To view a trace file, use either Microsoft Edge or Google Chrome, a web browser with trace viewer functionality.
You can start the trace viewer by typing edge://tracing
for Microsoft Edge or chrome://tracing
for Google Chrome in the address bar.
The following image shows the Trace Viewer running in Microsoft Edge.
Click the Load button to open the trace file. The execution trace of the program will be displayed graphically. The following image shows the execution trace of one query of the polars-tpch benchmark introduced in this [article] (https://fireducks-dev.github.io/posts/20241206_update_polars-tpch/).
The top
shows the time of the whole program (or, more correctly, the time between import fireducks.pandas
and the end of the program). Below that, fireducks.core.evaluate
is divided into two major blocks. The polars-tpch benchmark run explicitly separates the reading of the parquet file and the execution of the query. Therefore, the evaluation is split into two.
In the first half of the evaluation, you can see that only the fireducks.read_parquet_with_metadata
parquet reading process accounts for the execution time. You can also zoom in with the mouse to get a more detailed breakdown of the execution time for the second half of the query, as shown below.

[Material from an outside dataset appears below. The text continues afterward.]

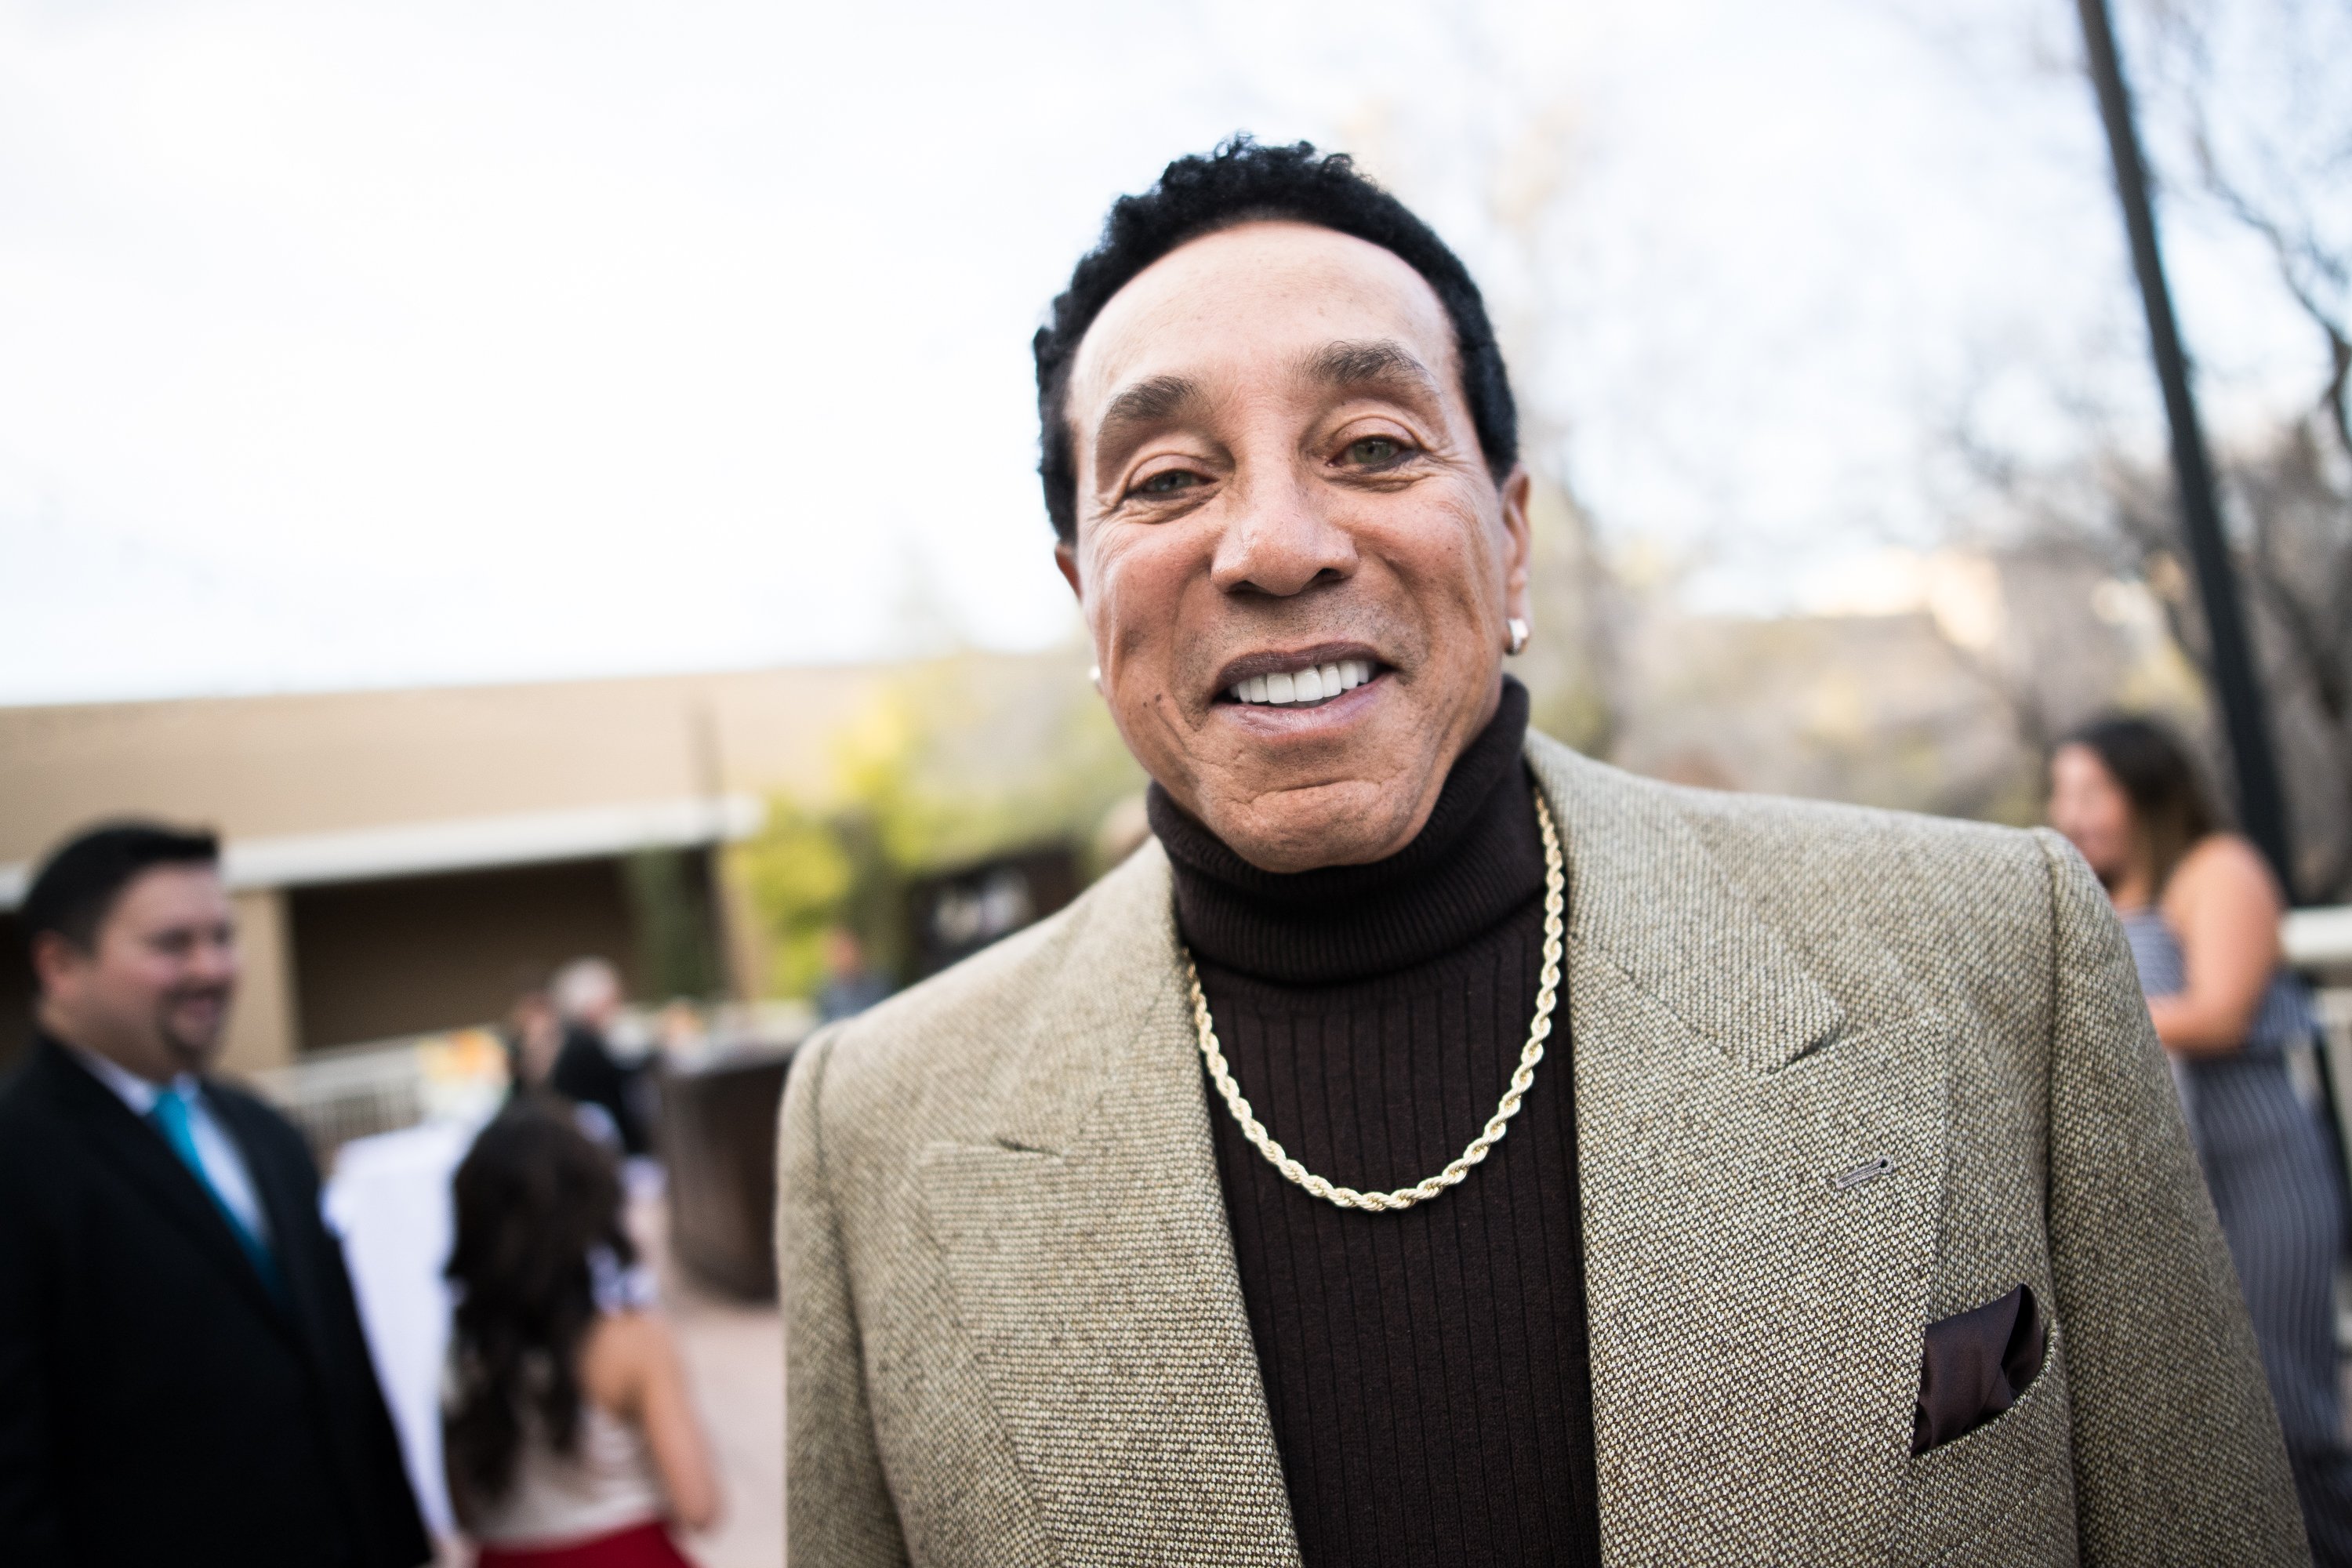 Smokey Robinson attends the Celebrity Fight Night's Founders Club Dinner in Phoenix on March 9, 2018. | Photo: Getty Images

How to change the trace file name
The default trace file name is trace.json
, but you can set an arbitrary file name as follows: --trace-file=foo.json
.
$ FIREDUCKS_FLAGS="--trace=3 --trace-file=foo.json" python -mfireducks.pandas your_program.py
How to output trace summary to standard error
If you only want to see a breakdown of the time spent on each process, you can also display summary information in standard error.
The summary is displayed using the same options described above. Use --trace-file=-
instead of the file name.
$ FIREDUCKS_FLAGS="--trace=3 --trace-file=-" python -mfireducks.pandas your_program.py
This is an example of the execution of the polars-tpch benchmark query used in the previous example. Although details such as the order of execution of each process are not available, a summary of the execution time can be viewed.
elapsed 6.071 sec
kernels 5.963 sec 98.22% 101
fallbacks 0.000 sec 0.00% 0
duration sec ratio count
== kernel ==
fireducks.read_parquet_with_metadata 5.453 89.83% 1
fireducks.filter 0.293 4.83% 1
fireducks.groupby_agg 0.089 1.46% 1
fireducks.le.vector.scalar 0.051 0.83% 1
fireducks.mul.vector.vector 0.042 0.69% 2
fireducks.rsub.vector.scalar 0.023 0.38% 1
fireducks.radd.vector.scalar 0.009 0.15% 1
fireducks.sort_values 0.002 0.03% 1
fireducks.read_parquet_metadata 0.001 0.02% 1
fireducks.project 0.000 0.00% 8
== fallback ==
== other ==
top 6.071 100.00% 1
create_mlir_func 0.001 0.02% 3
import pandas 0.000 0.00% 2
fire.get_string 0.000 0.00% 22
Conclusion
This article has introduced how to use the trace function in FireDucks.
When using FireDucks, there may be times when you notice a slowdown. In that case, you may be able to find the process that caused the slowdown by tracing with the help of this article.
We hope that you will make full use of FireDucks by using the trace function.